Once the user hits the "Submit" button on the initial (GET) page, and the 
servlet enters the doPost method, I run a really long MySQL query (about 4 
minutes) and by the time the query is done, my browser (IE 5.5) has timed 
out and the connection between the browser and the servlet is lost. Thusly, 
the user never sees the result set output in spite of the successfull 
completion of the mysql query.

My question(s):

- is there a way to keep the connection, once the user hits "Submit" and 
the servlet is in the doPost already, alive for an indefinite period of 
time? If yes, how is this done, through meta html headers, browser 
settings, apache jserv settings or what?

or

- is there a way to _force_ a flush once in the doPost() method? I do 
out.flush() _SEVERAL_ times in my doPost, but to no avail :(.  It just 
won't flush until the very end of the query, apparently right around the 
time out.close() gets called.   How is one supposed to be able to flush 
absolutely then? Should I use some other setContentType param, not 
"text/html"? Maybe some multipart mime type?
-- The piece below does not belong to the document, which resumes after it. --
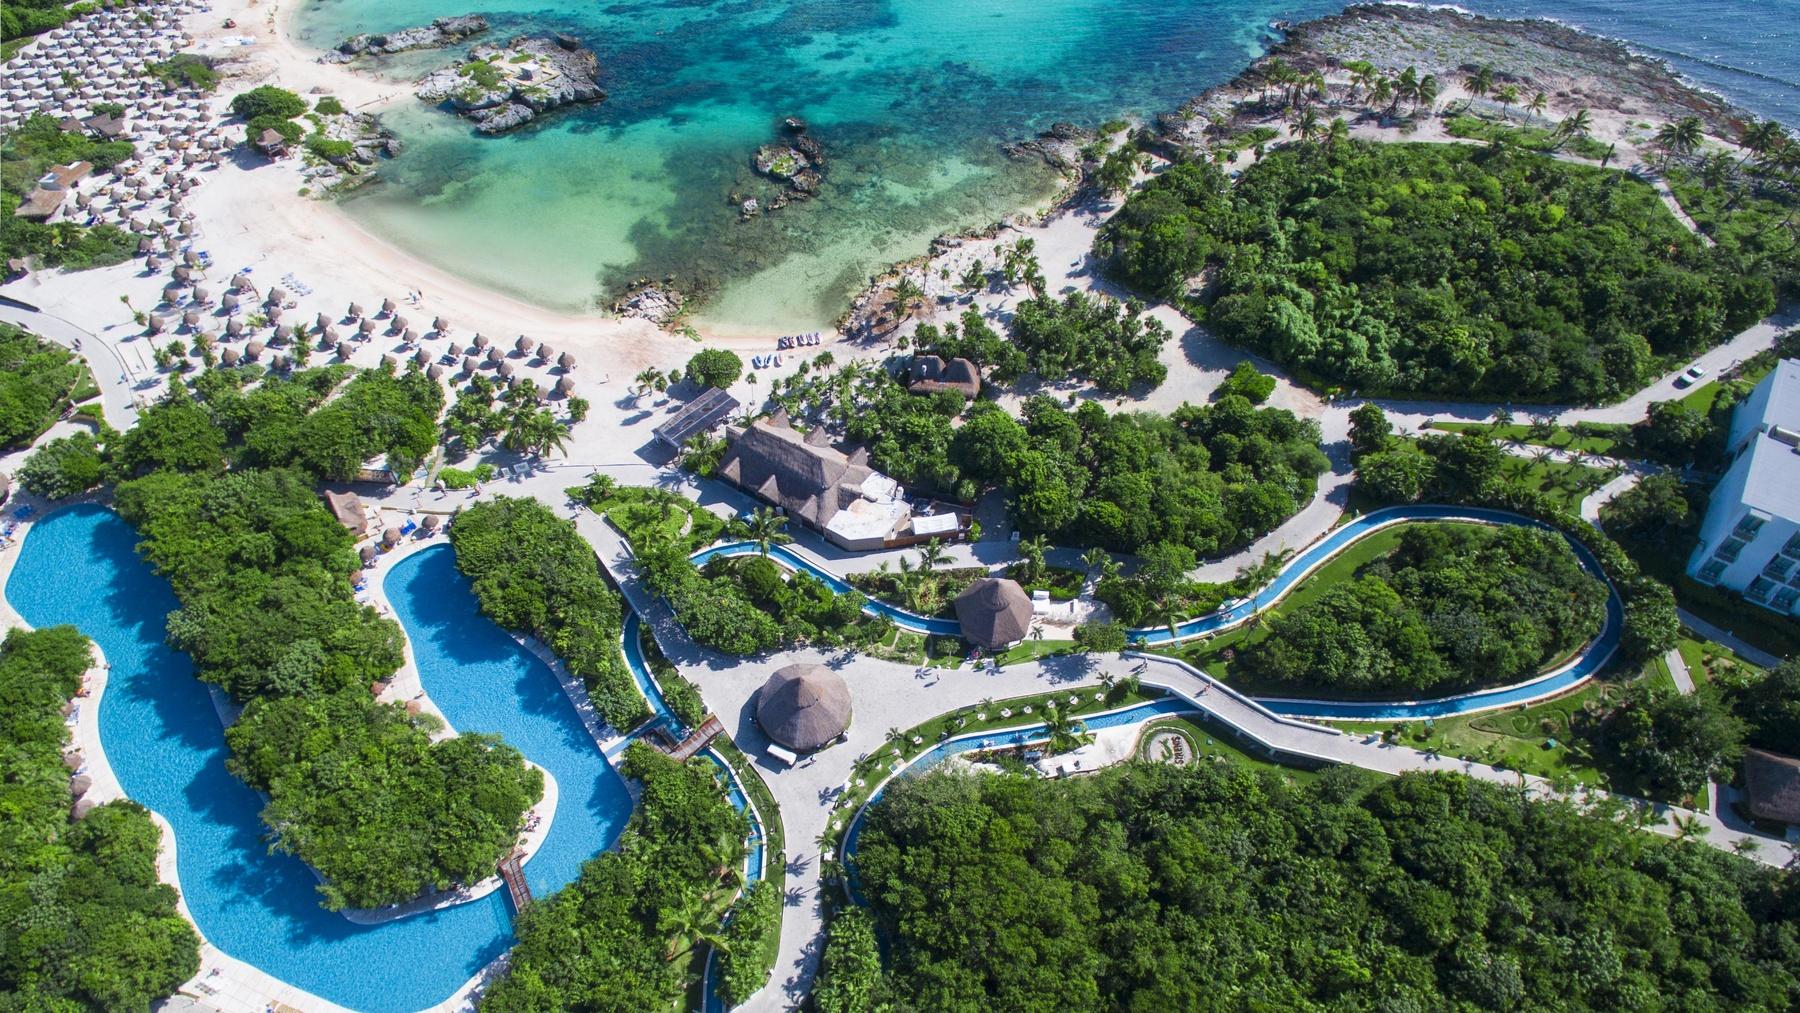 grand sirenis riviera maya sirenis riviera maya sirenis hotels all inclusive resort contact us. Black Bedroom Furniture Sets. Home Design Ideas

What do I nede to do to truly 
force a flush while the 'globe's spinning' :), that is, my connection is 
still open?  After hitting submit, the connection is still open, waiting 
for output from the servlet, and INDEED there is output, but it's not 
flushed! Why??? Anyone an expert on jserv?

- I've heard of using the "Refresh" meta header tag, but won't that 
re-issue another GET to the servlet and basically screw everything up ?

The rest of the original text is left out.